### WHAT YOU WILL DO
Once the pictures are set aside, copy the data below exactly as it stands.

### DATASET SECTION
+ + + + + + +

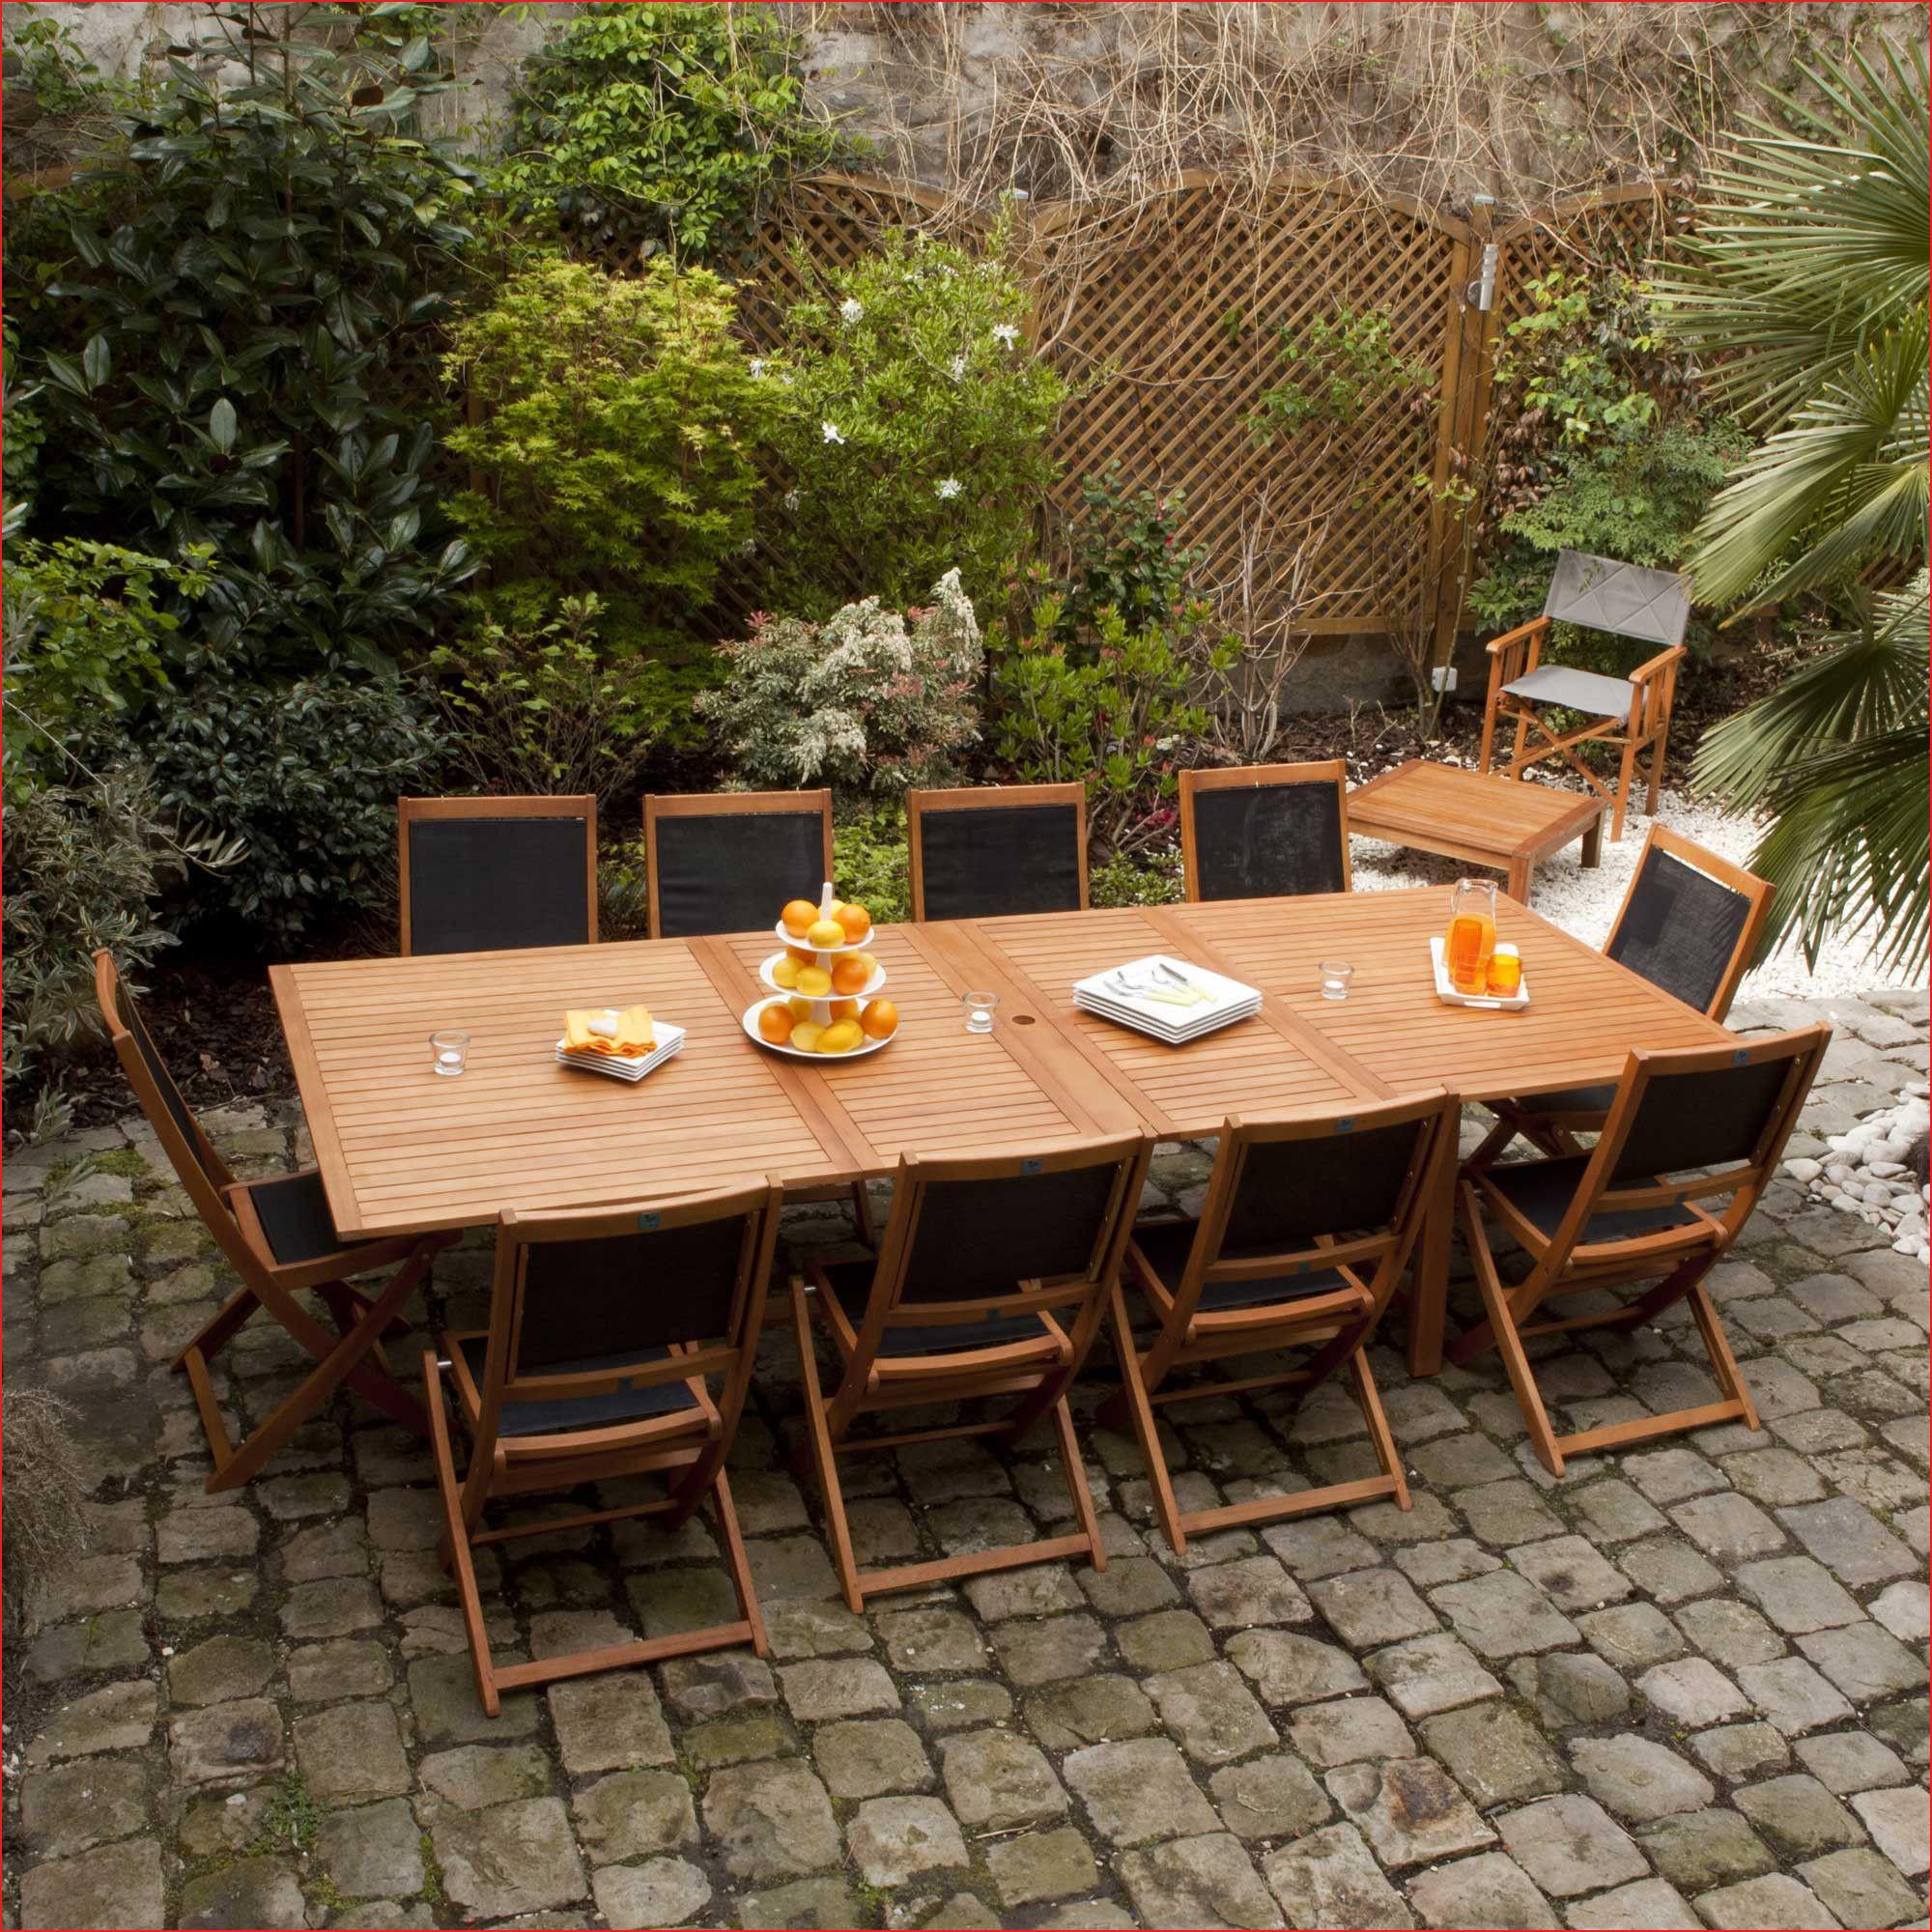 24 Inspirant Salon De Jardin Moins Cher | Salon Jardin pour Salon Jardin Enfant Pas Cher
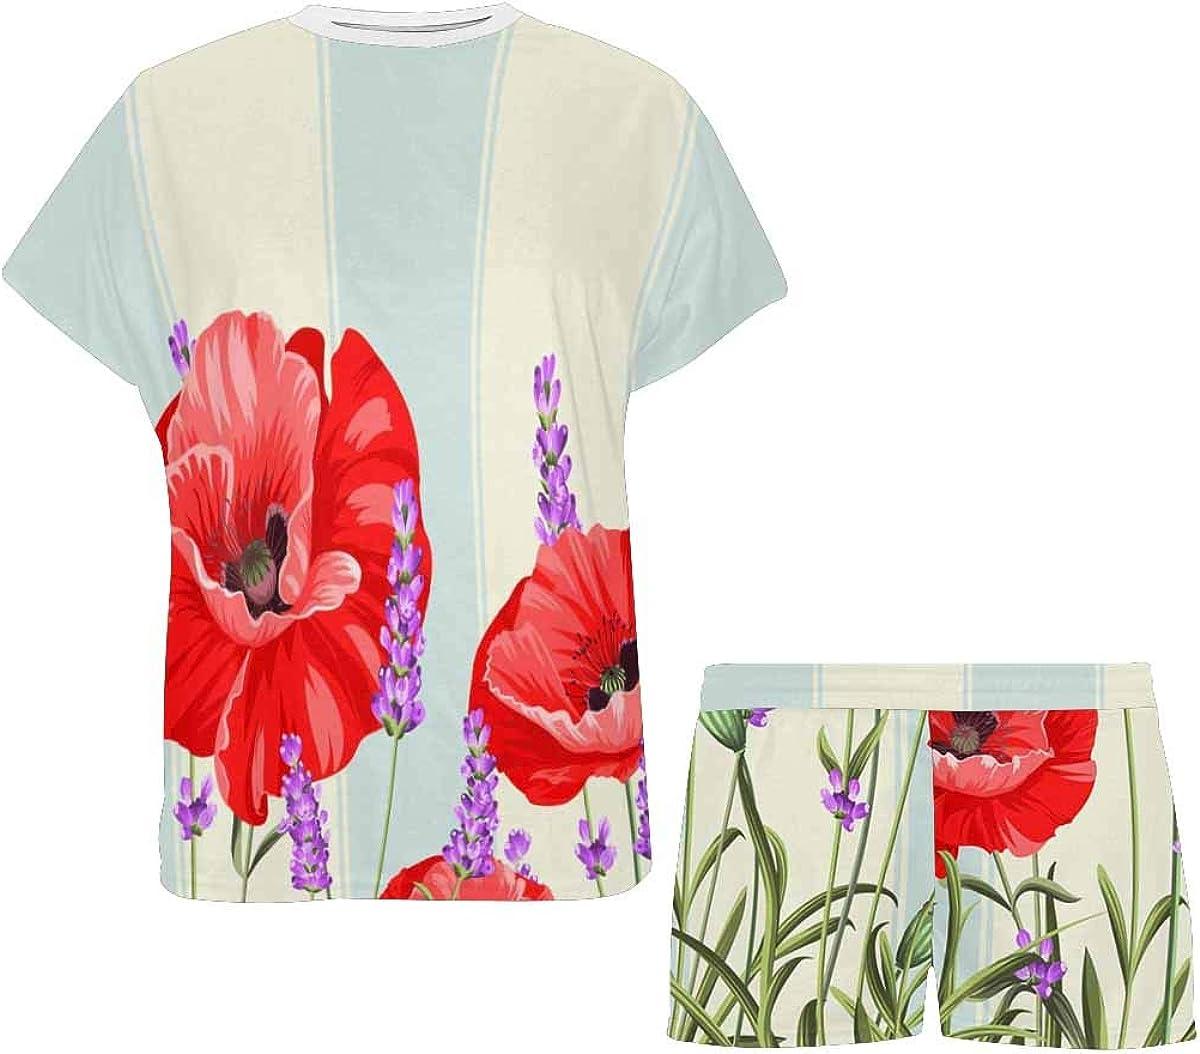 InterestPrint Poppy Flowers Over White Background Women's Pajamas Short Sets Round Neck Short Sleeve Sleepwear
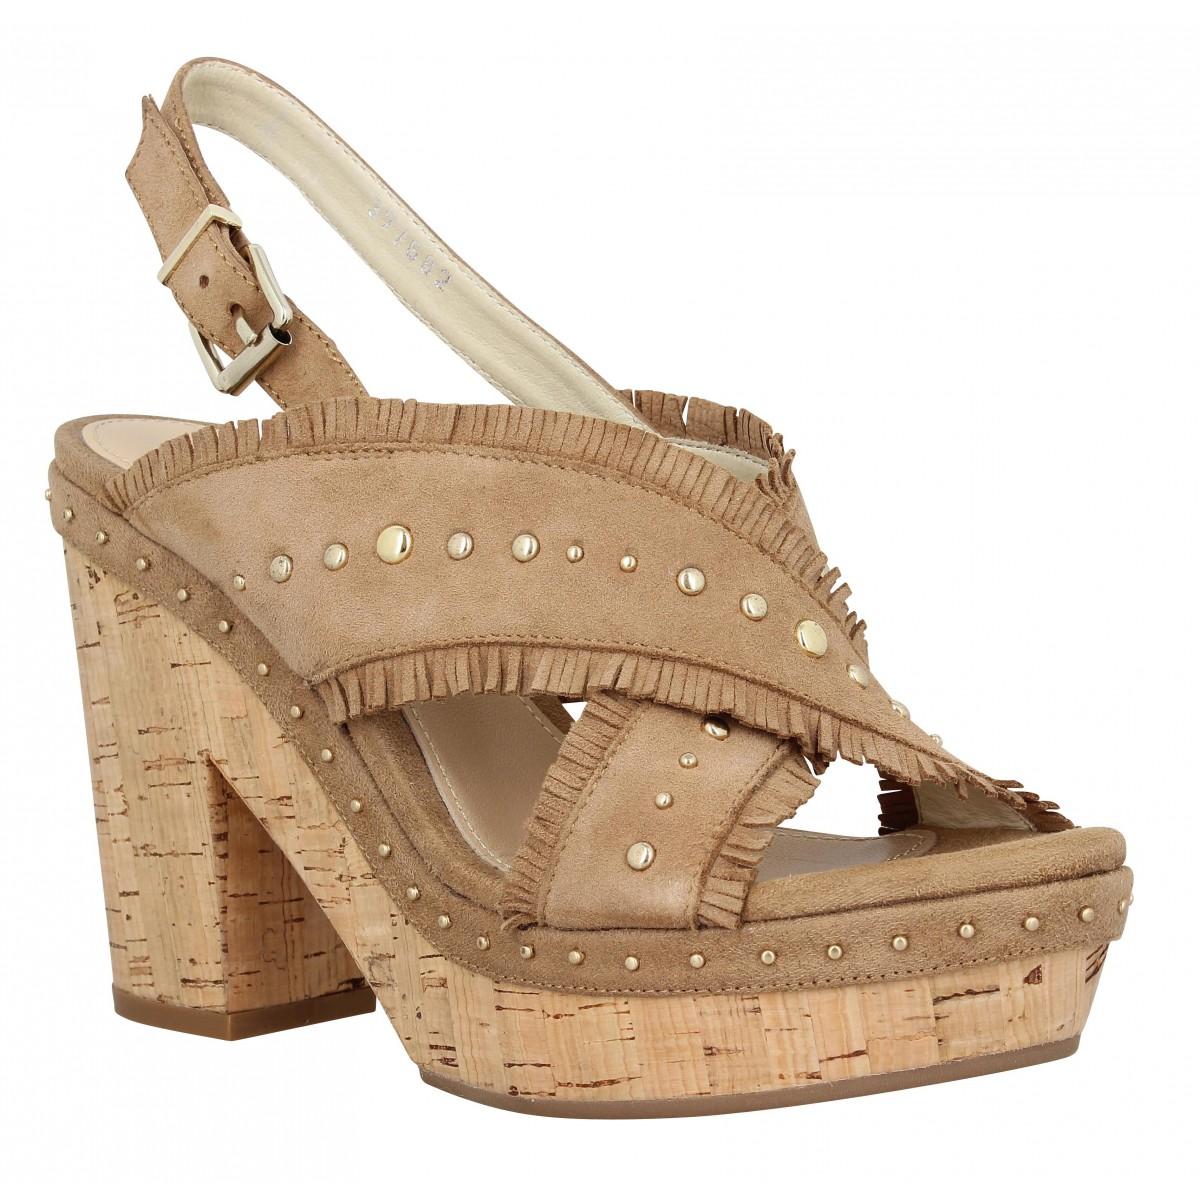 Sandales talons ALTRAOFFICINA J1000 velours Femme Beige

+ + + + + + +

### EXERCISE ANSWER
 24 Inspirant Salon De Jardin Moins Cher | Salon Jardin pour Salon Jardin Enfant Pas Cher
 InterestPrint Poppy Flowers Over White Background Women's Pajamas Short Sets Round Neck Short Sleeve Sleepwear
 Sandales talons ALTRAOFFICINA J1000 velours Femme Beige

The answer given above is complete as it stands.